Try it yourself. The complete three-table schema from this tutorial takes about 5 minutes to build from scratch.
Open Relational Data Generator →Database Normalization: Why Relational Tables Are Structured This Way
Relational tables are structured around normalization — a set of rules that eliminate data redundancy and ensure data integrity. Understanding normalization helps you design better schemas and understand why the generated tables are split the way they are.
First Normal Form (1NF)
Each column contains a single atomic value — no comma-separated lists, no arrays, no repeating groups. A customer's multiple phone numbers go in a separate phone_numbers table, not as phone1, phone2 columns.
Second Normal Form (2NF)
Every non-key column depends on the entire primary key. This matters for composite keys: in an order_items table keyed on (order_id, product_id), the product name belongs in the products table — not in order_items — because it only depends on product_id, not the full composite key.
Third Normal Form (3NF)
No non-key column depends on another non-key column (no transitive dependencies). A customers table should not store both zip_code and city — the city is determined by the zip code, creating a transitive dependency. City/state belong in a zip_codes reference table.

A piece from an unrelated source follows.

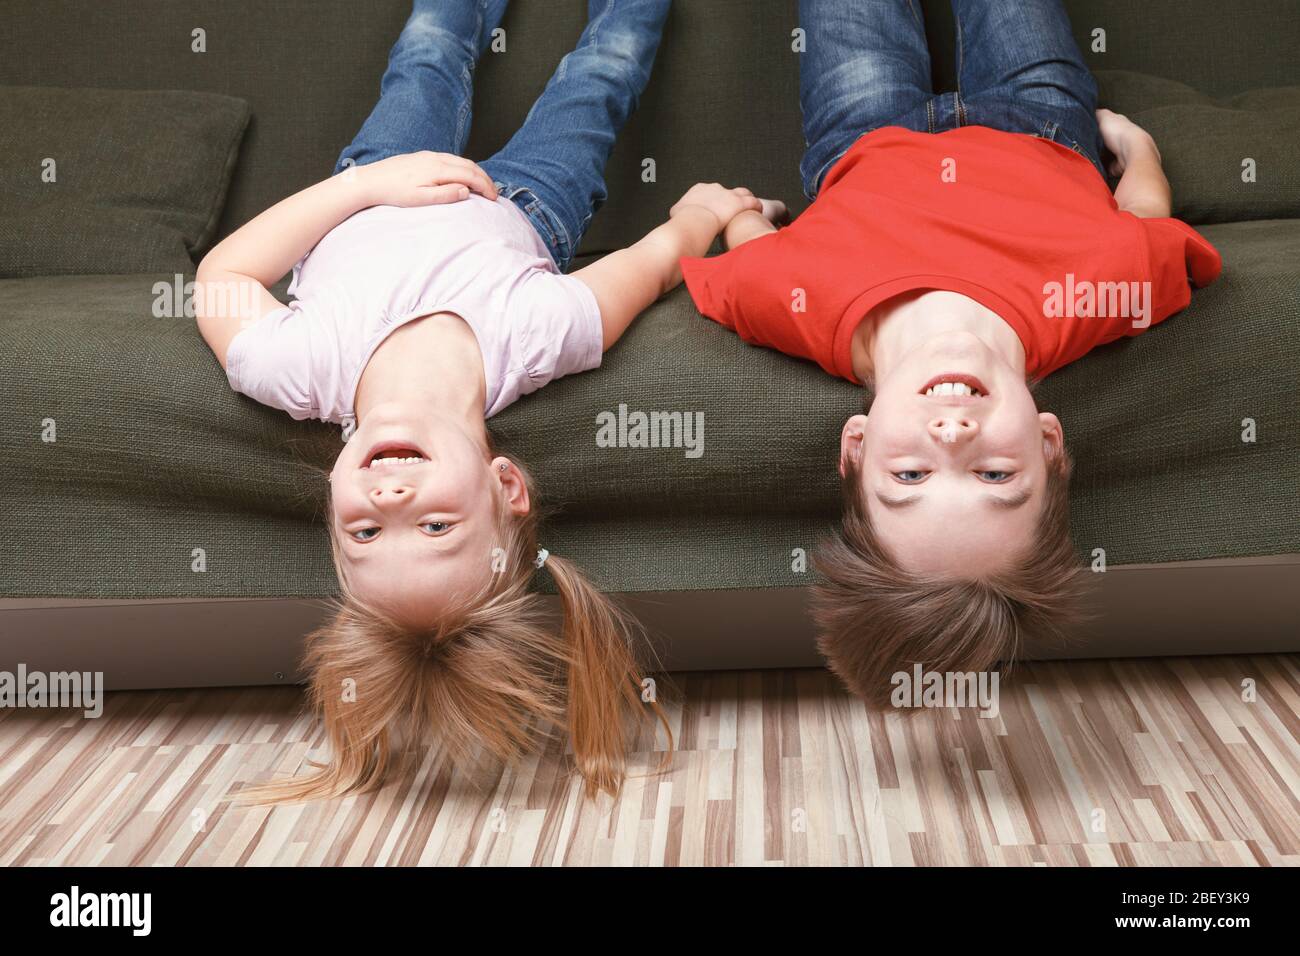 Fratelli felici che si posano sul divano godendosi stare insieme a casa durante l'isolamento di fronte con misure protettive contro la diffusione di coronaviru Foto Stock

Why This Matters for Test Data Generation
The Relational Data Generator creates properly normalised schemas — customers, orders, and order items as separate linked tables. This mirrors real production database design and means the generated SQL and data is directly usable for realistic testing, not just toy examples.